# WHAT YOU SHOULD DO
Please reproduce all of the data exactly as it appears, but skip the pictures.
(Beginning of RECORDED DATA)
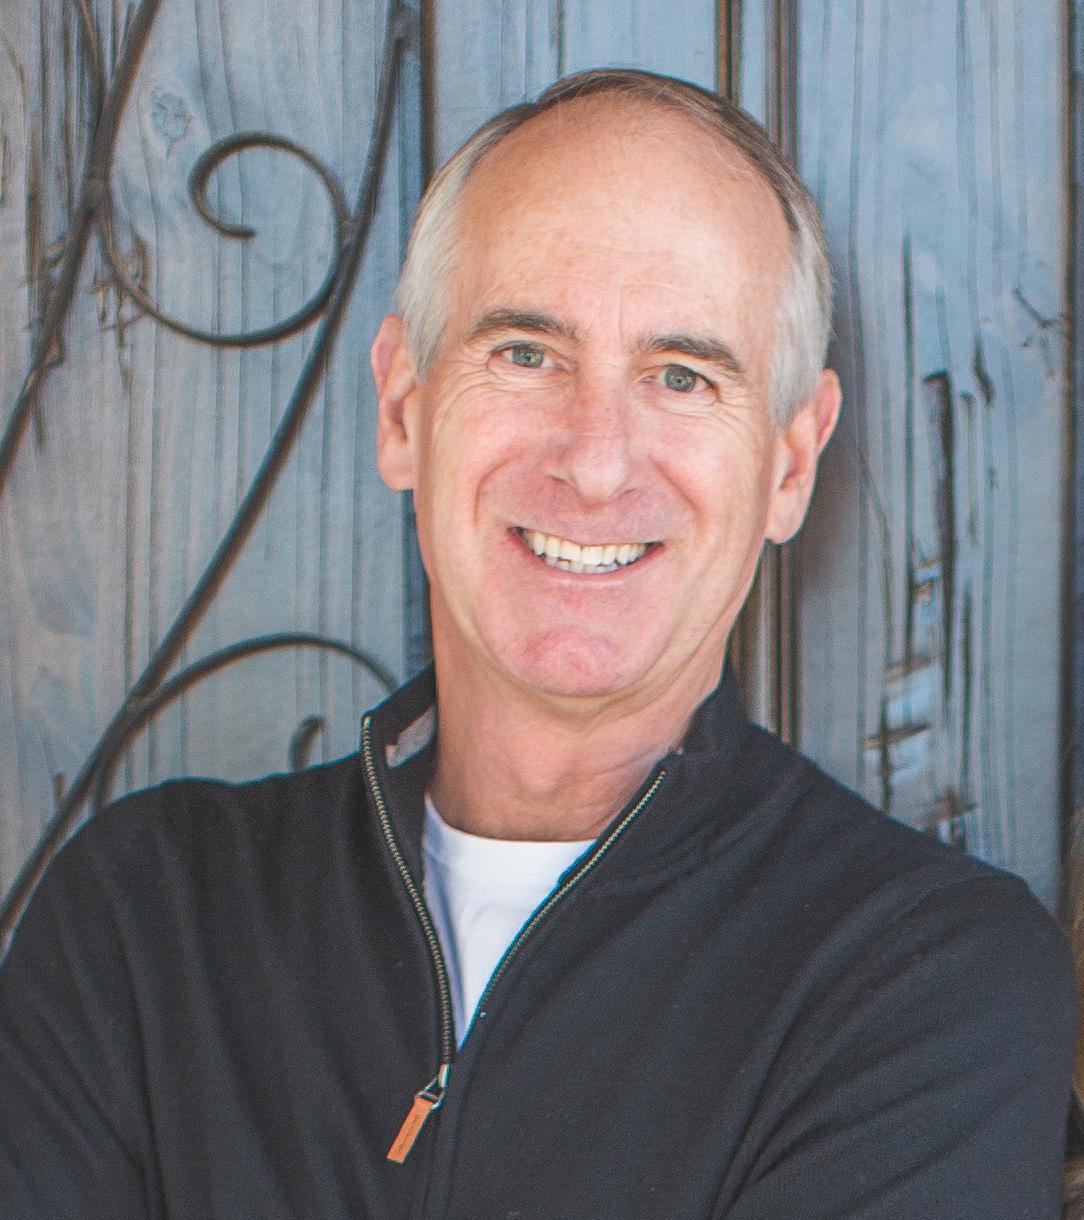 Meet Dr. John Van Epp, Ph.D.
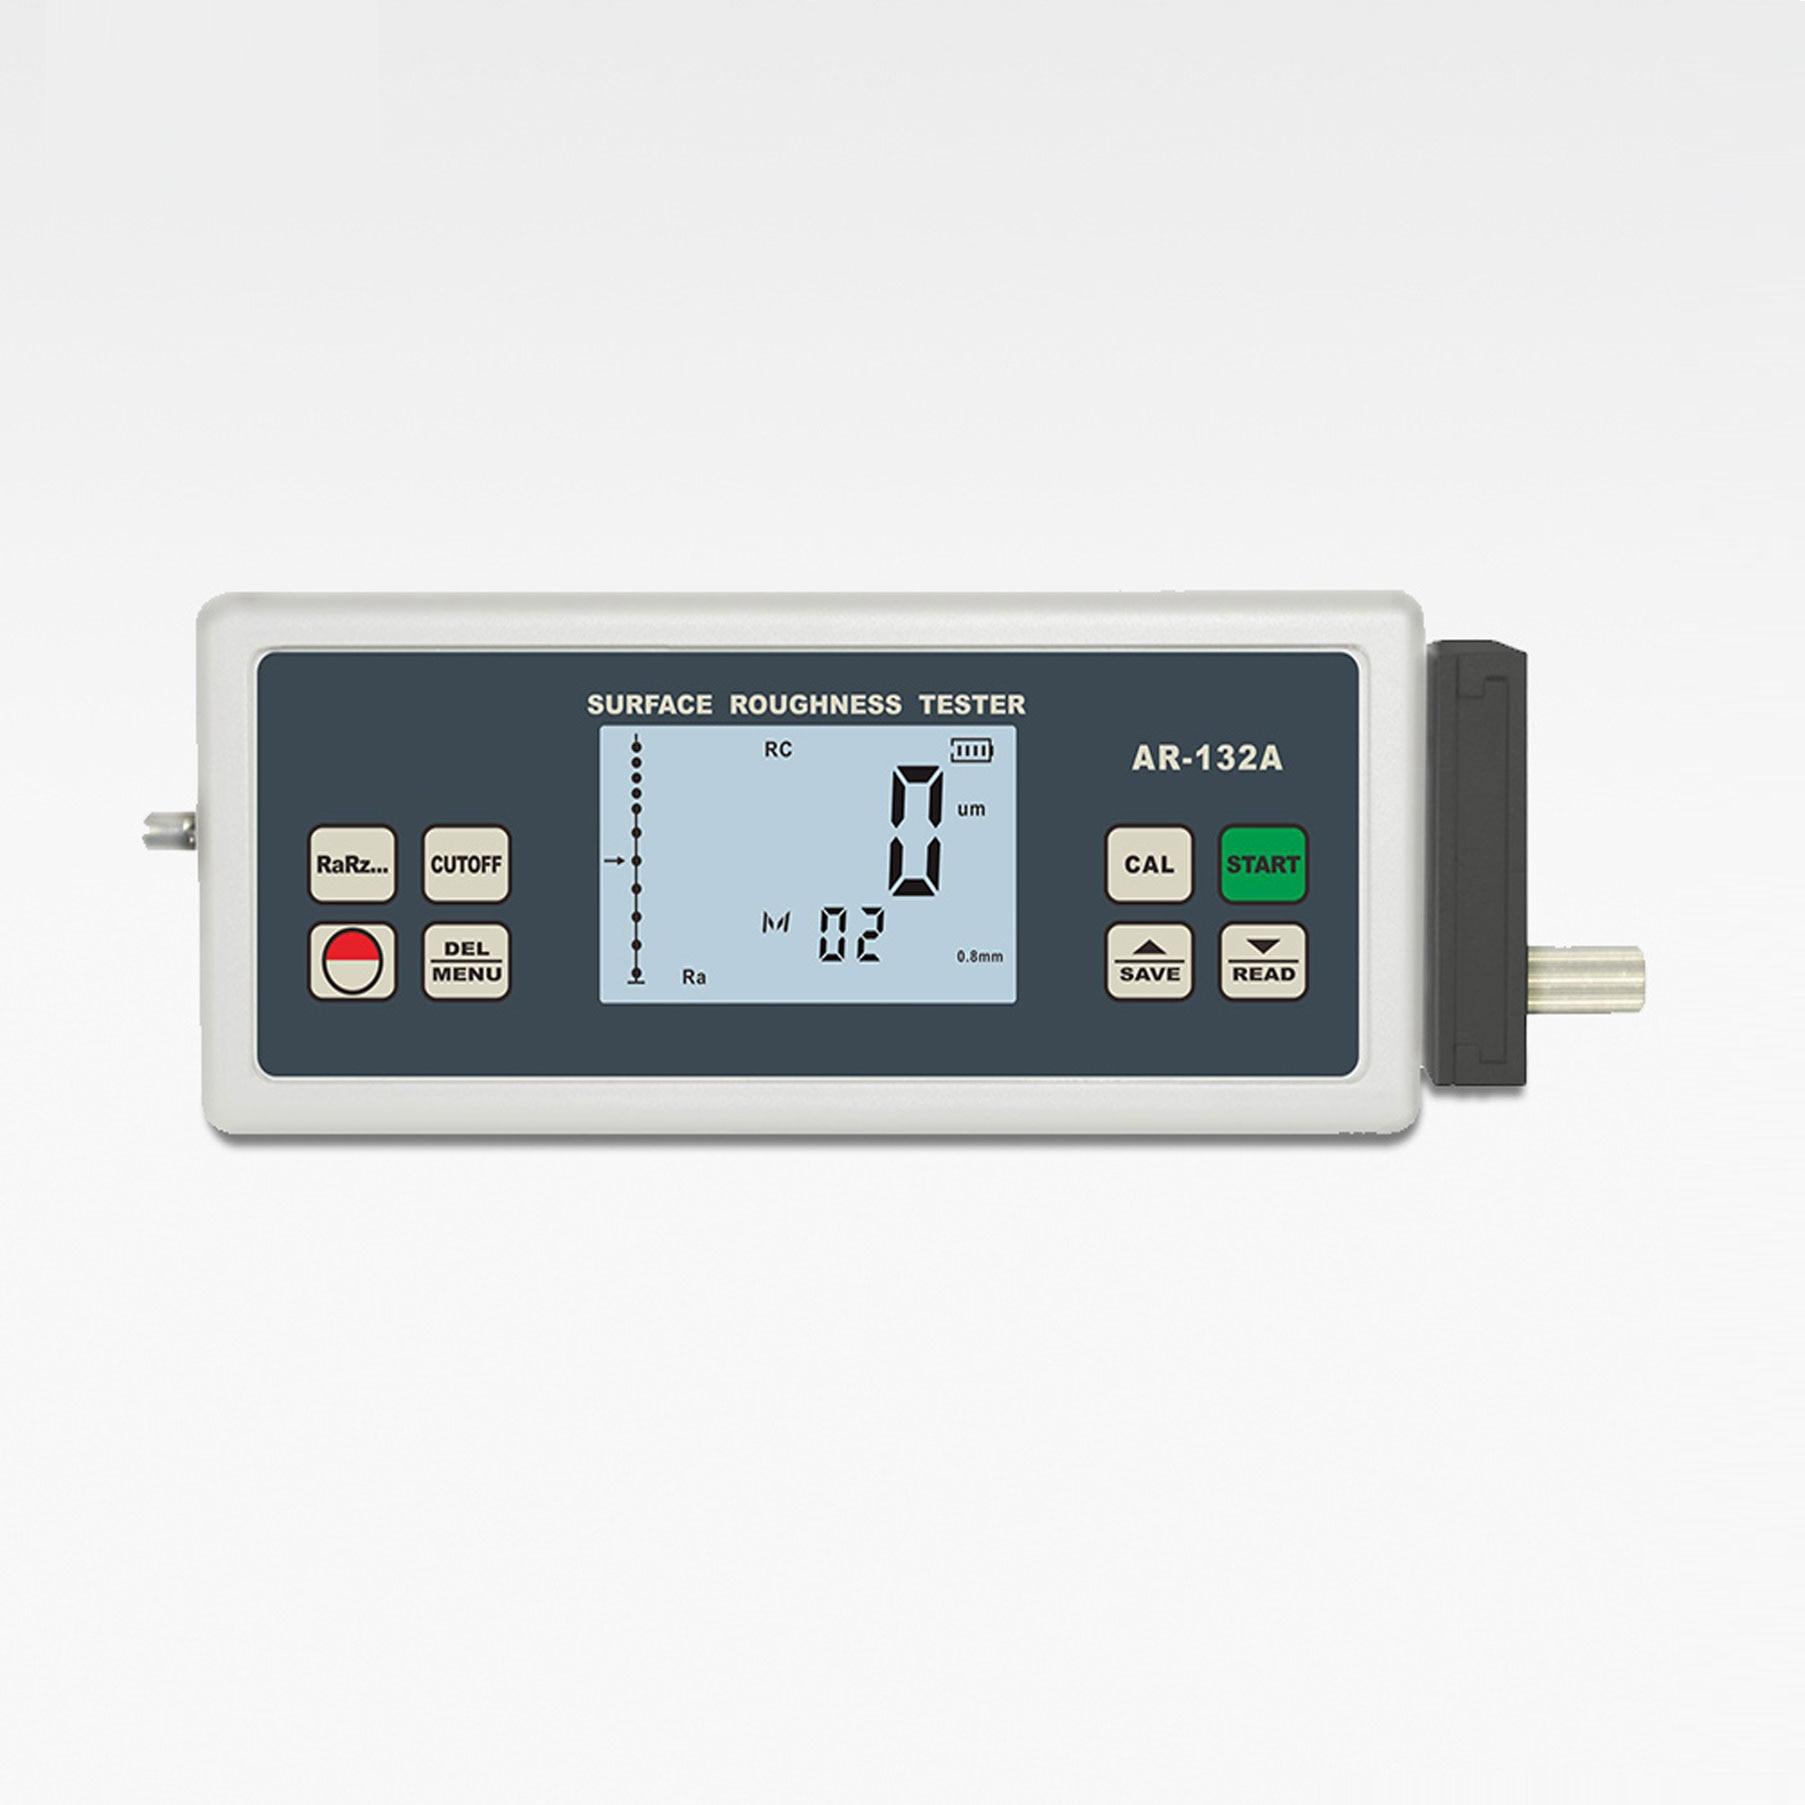 الرقمية AR-132A أداة قياس خشونة الأسطح ، را ، Rz ، Rq ، Rt أدوات قياس خشونة متر متطورة للغاية
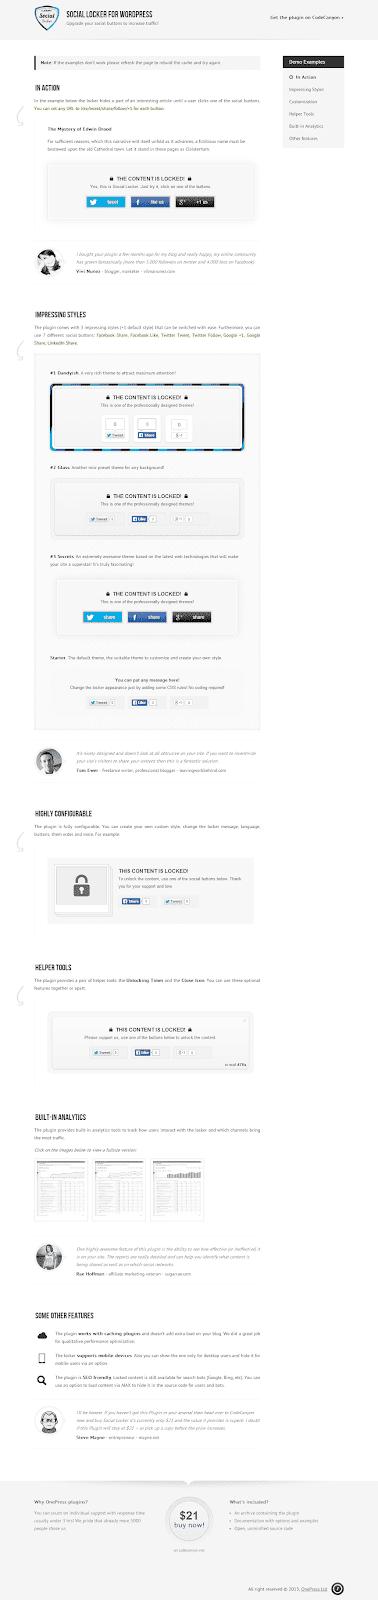 WP Social Locker 4.3.6 For  WordPress Plugin Extended License
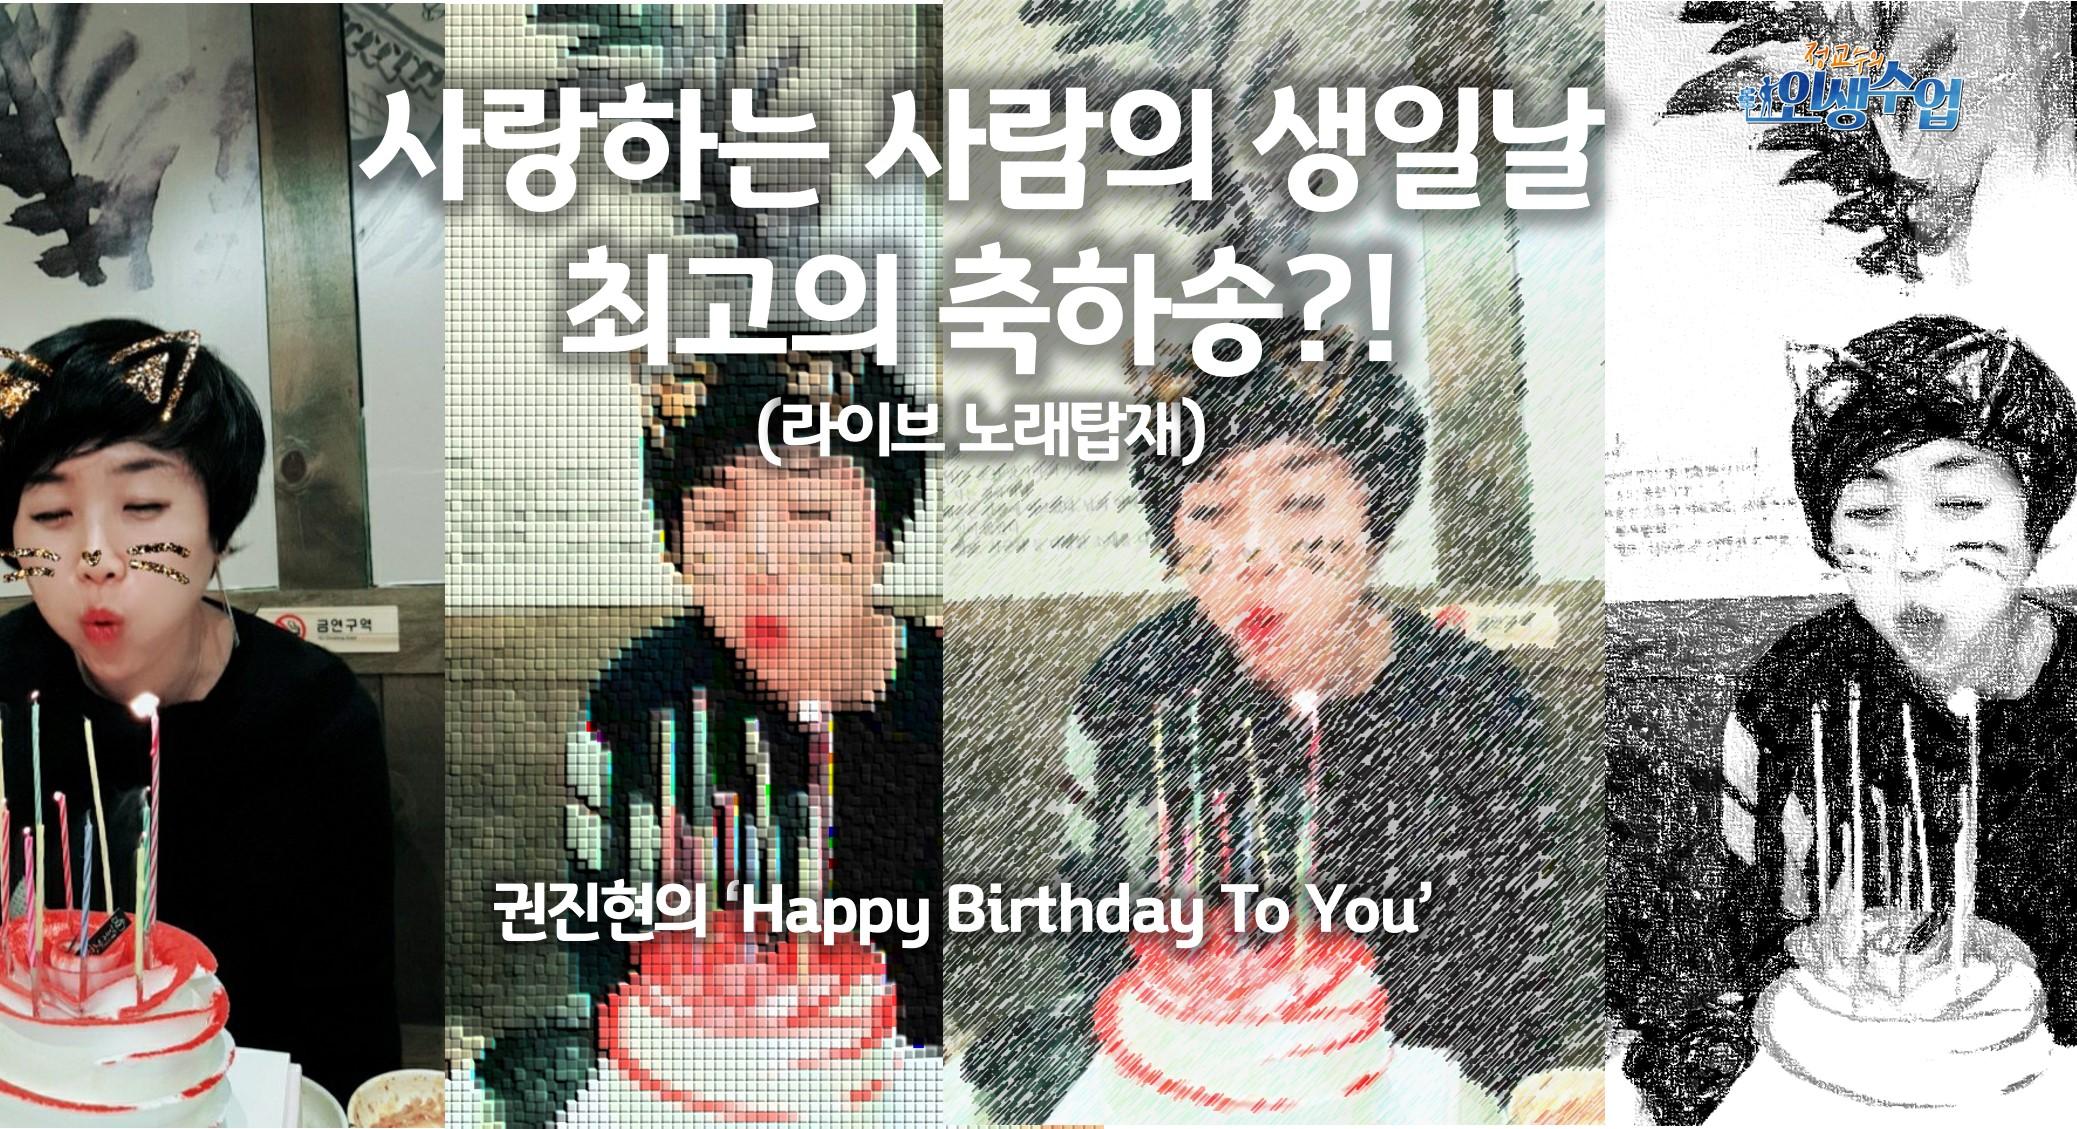 사랑하는 사람의 생일날 최고의 축하송 권진현의 'Happy Birthday To You'
(End of RECORDED DATA)
# EXERCISE RESPONSE
 Meet Dr. John Van Epp, Ph.D.
 الرقمية AR-132A أداة قياس خشونة الأسطح ، را ، Rz ، Rq ، Rt أدوات قياس خشونة متر متطورة للغاية
 WP Social Locker 4.3.6 For  WordPress Plugin Extended License
 사랑하는 사람의 생일날 최고의 축하송 권진현의 'Happy Birthday To You'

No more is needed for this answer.